Your goal should be to get lean enough to see your abs, regardless of how many blocks show up when you do. A lot of that is out of your control and, simply put, not worth stressing about.
#2 Go heavy for best results
Now with all that said, most people will at least have two bands. If you ignore the endless ads, you’ll realize that’s more than enough for a very attractive midsection to be proud of.
But to develop those abs, you’re going to want to use some heavyweight. And that’s something that most people don’t tell you.
Most trainers will tell you that you should train your abs with a high number of reps. That’s because they’re made up of mostly slow-twitch muscle fibers, and hardly any fast-twitch muscle fibers.
The scientific evidence, however, doesn’t support this idea. It actually shows that the abs have a balanced profile of around 55-58% slow-twitch fibers, and the other half is made up of fast-twitch fibers (2).
This is one of the reasons why I’ve been saying for years that since your rectus abdominus is a muscle, it would make sense to use heavy weight on it. Just like we do for our bicep, leg, and chest exercises.
Plus, if the goal is to have more pronounced abdominal muscles, ideally you want to do both low- and high-rep sets for this muscle.
For example, one of my favorite ways to target the abs for muscle growth is by performing declined crunches with a weight behind my head, for 10 reps.
And then immediately perform a bodyweight exercise, like pulse-ups or jackknives with no weight but a higher rep count, like 20 reps. Then, repeat that for 3 to 4 sets.
You can simply do that with 3 or 4 different pairs of exercises per ab workout.
I promise, you’ll get better and faster results than doing endless crunches.
#3 Ab exercises and back health
And that brings us right to another very common myth – the idea that it’s “bad for your back to do dynamic core exercises” like crunches and leg raises.
But two leading exercise scientists reviewed all the evidence available on ab training. According to them, all dynamic spinal exercises are safe if they meet three criteria. (3)
The first is that you must progress gradually to give your nervous system, your muscles, and even your spinal disks time to adapt.
So, before you perform weighted declined crunches, make sure you can do bodyweight floor crunches.
The second criterion to prevent a back injury is to avoid extreme ranges of motion of the spine under load.
Basically, if you’re doing declined sit-ups and your back looks like an upside-down U, that means that your abs are too weak for that load.
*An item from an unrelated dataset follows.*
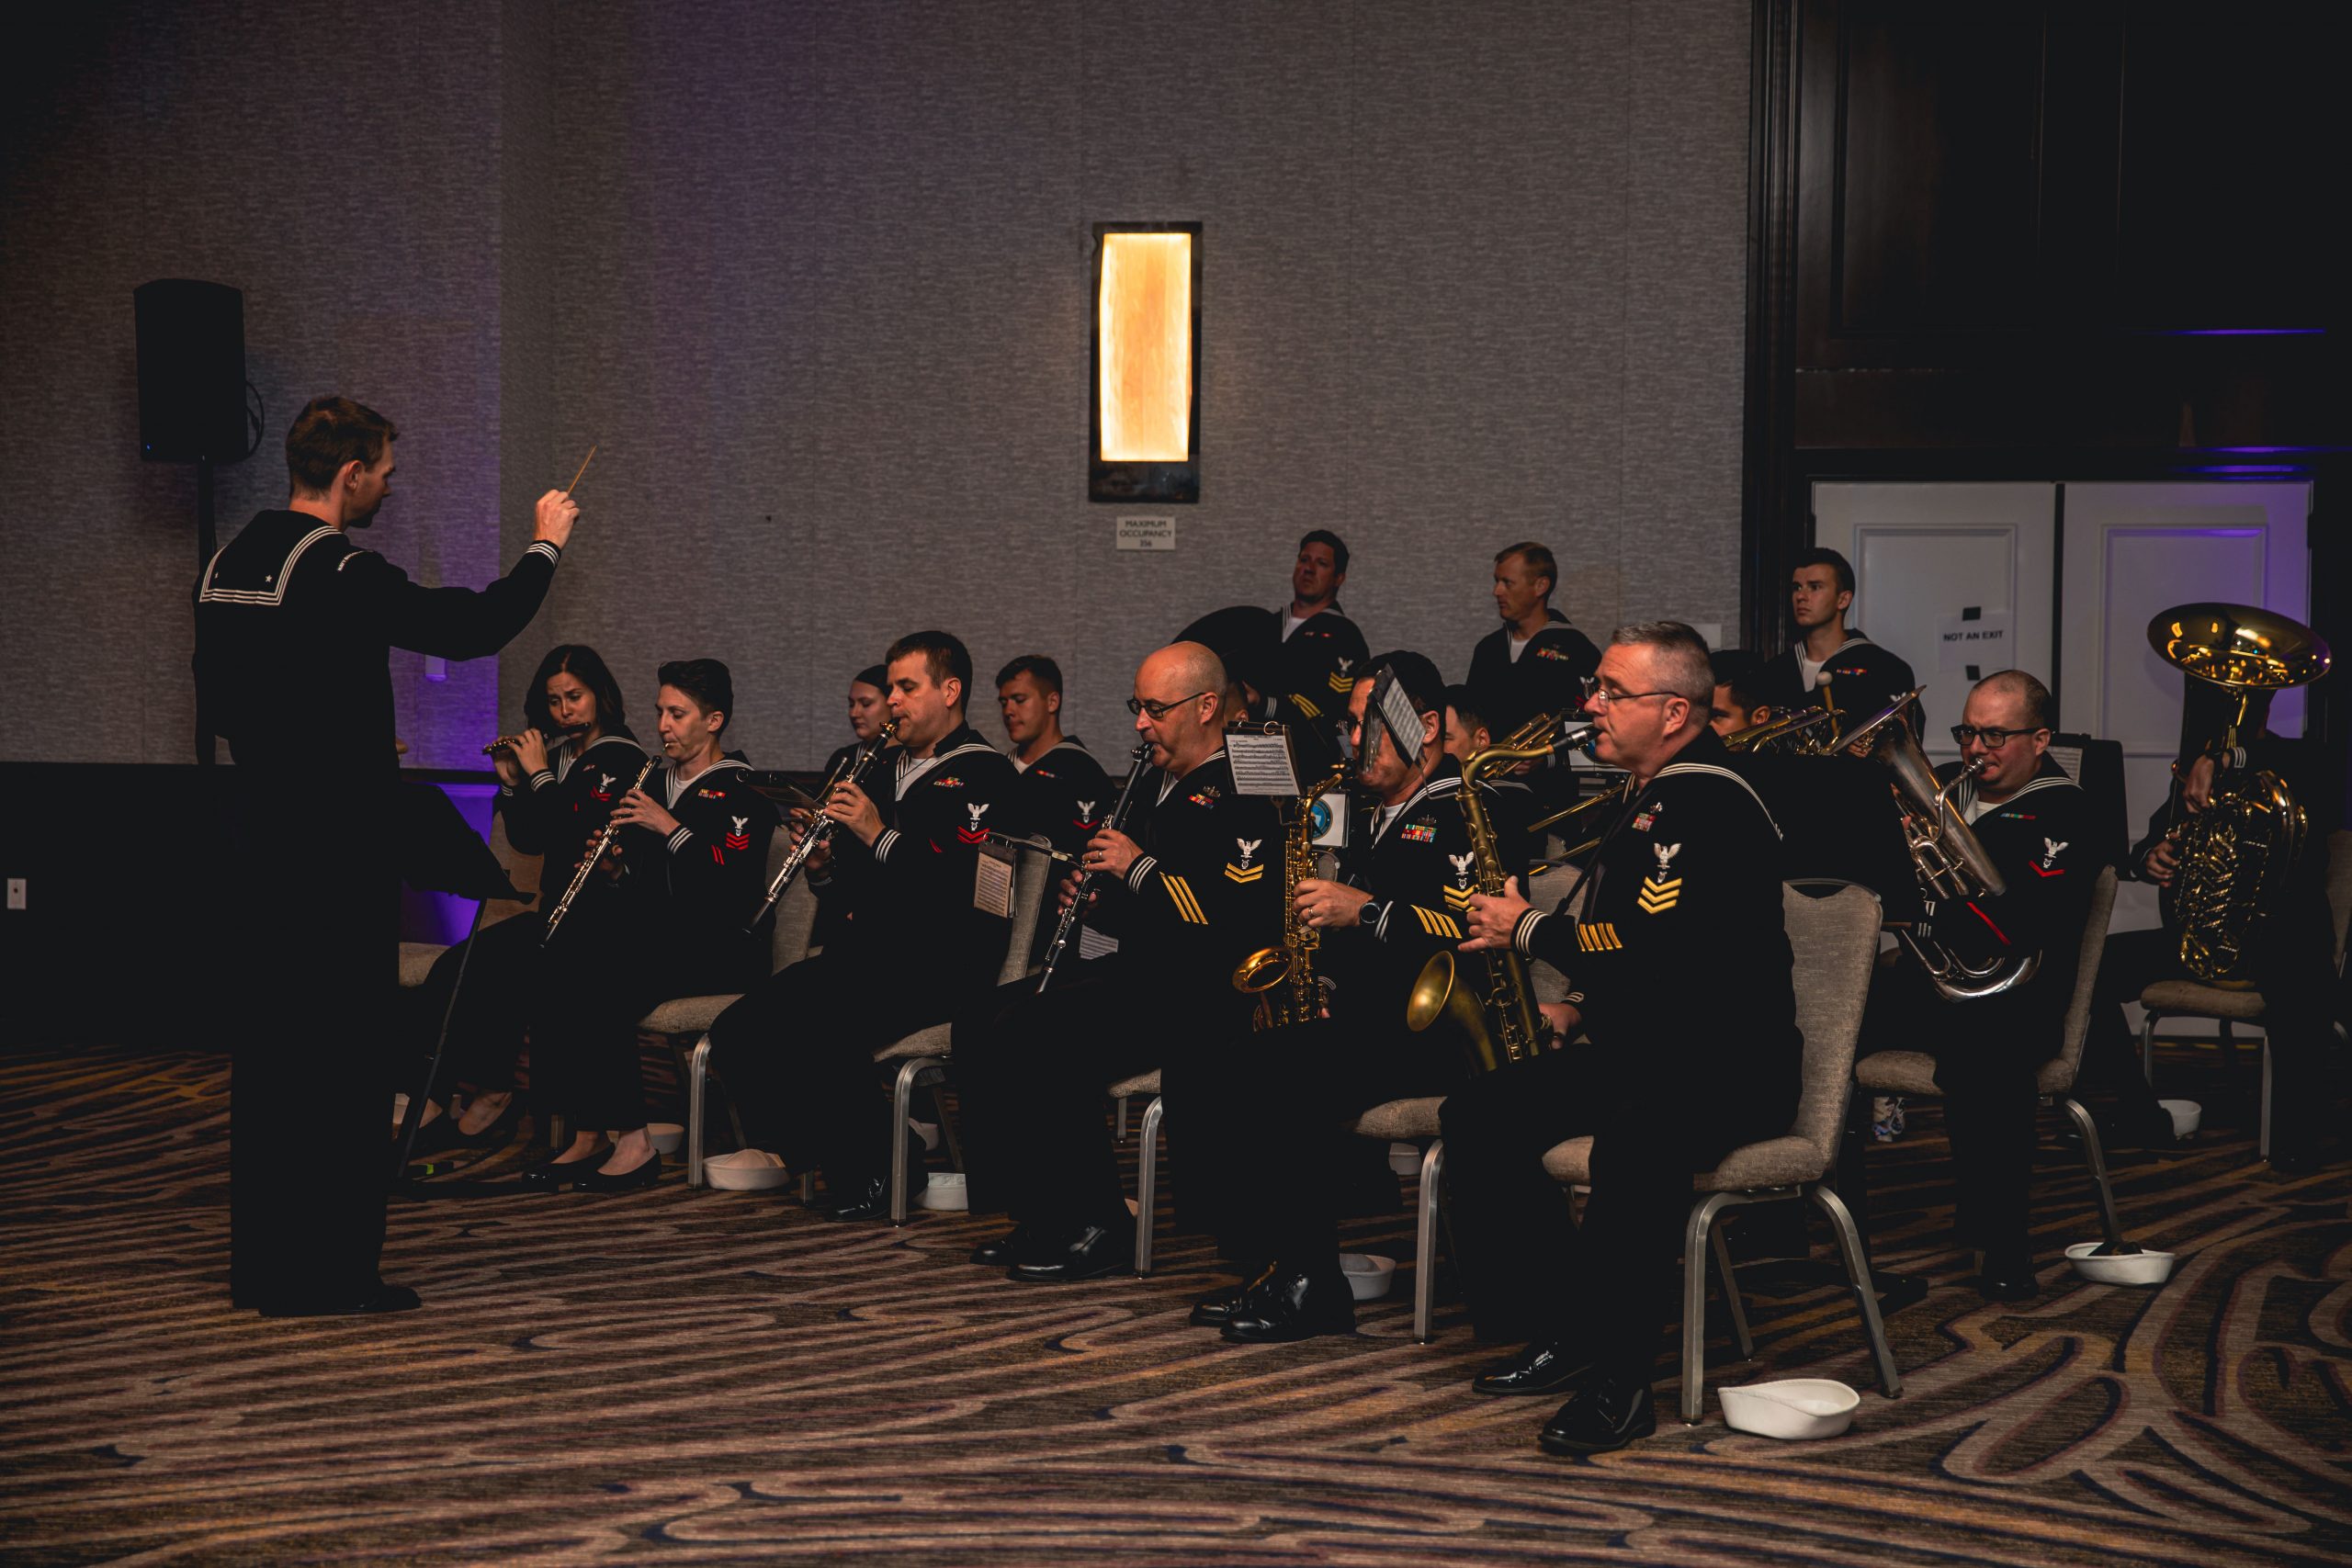 U.S. Navy Musicians perform at the Navy Ball

You’re potentially destroying your spine.
This extreme range of motion can happen during almost any ab exercise, including a regular crunch.
The third guideline is to limit targeted core-specific exercises (like crunches, sit-ups, and leg raises) to the end of your workout, or for a separate workout.
This is important because doing ab isolation exercises before heavy compound movements raises your risk of a back injury.
That’s because they fatigue the stabilizer muscles in the core before performing compound exercises with heavy loads (like deadlifts or squats).
These exercises require those core muscles to come into play and support your spine.
#4 Don’t rely on compound exercises alone
While we’re on the topic of exercises like deadlifts, you should know that compound exercises alone are not enough to stimulate your abs optimally.
If you just want a moderate level of ab definition, or you want to maintain the ab definition you currently have, you might not need to perform any direct ab exercises.
But if you want to go for optimal ab development, compound exercises alone won’t cut it.
In fact, if you’re beyond the beginner phase, it’s unlikely that compound exercises will help build your abs any further.
This is because most compound exercises – including squats and deadlifts – don’t activate the abs effectively.
This makes sense from a physiological standpoint since your spine doesn’t flex or rotate during those movements. And research confirms this as well.
For example, we have a study that examined the difference in abdominal muscle activation between several exercises. (4)
When performing a set of very heavy squats, ab muscle activation was so low it didn’t even reach 20% of the maximum voluntary contraction! (5)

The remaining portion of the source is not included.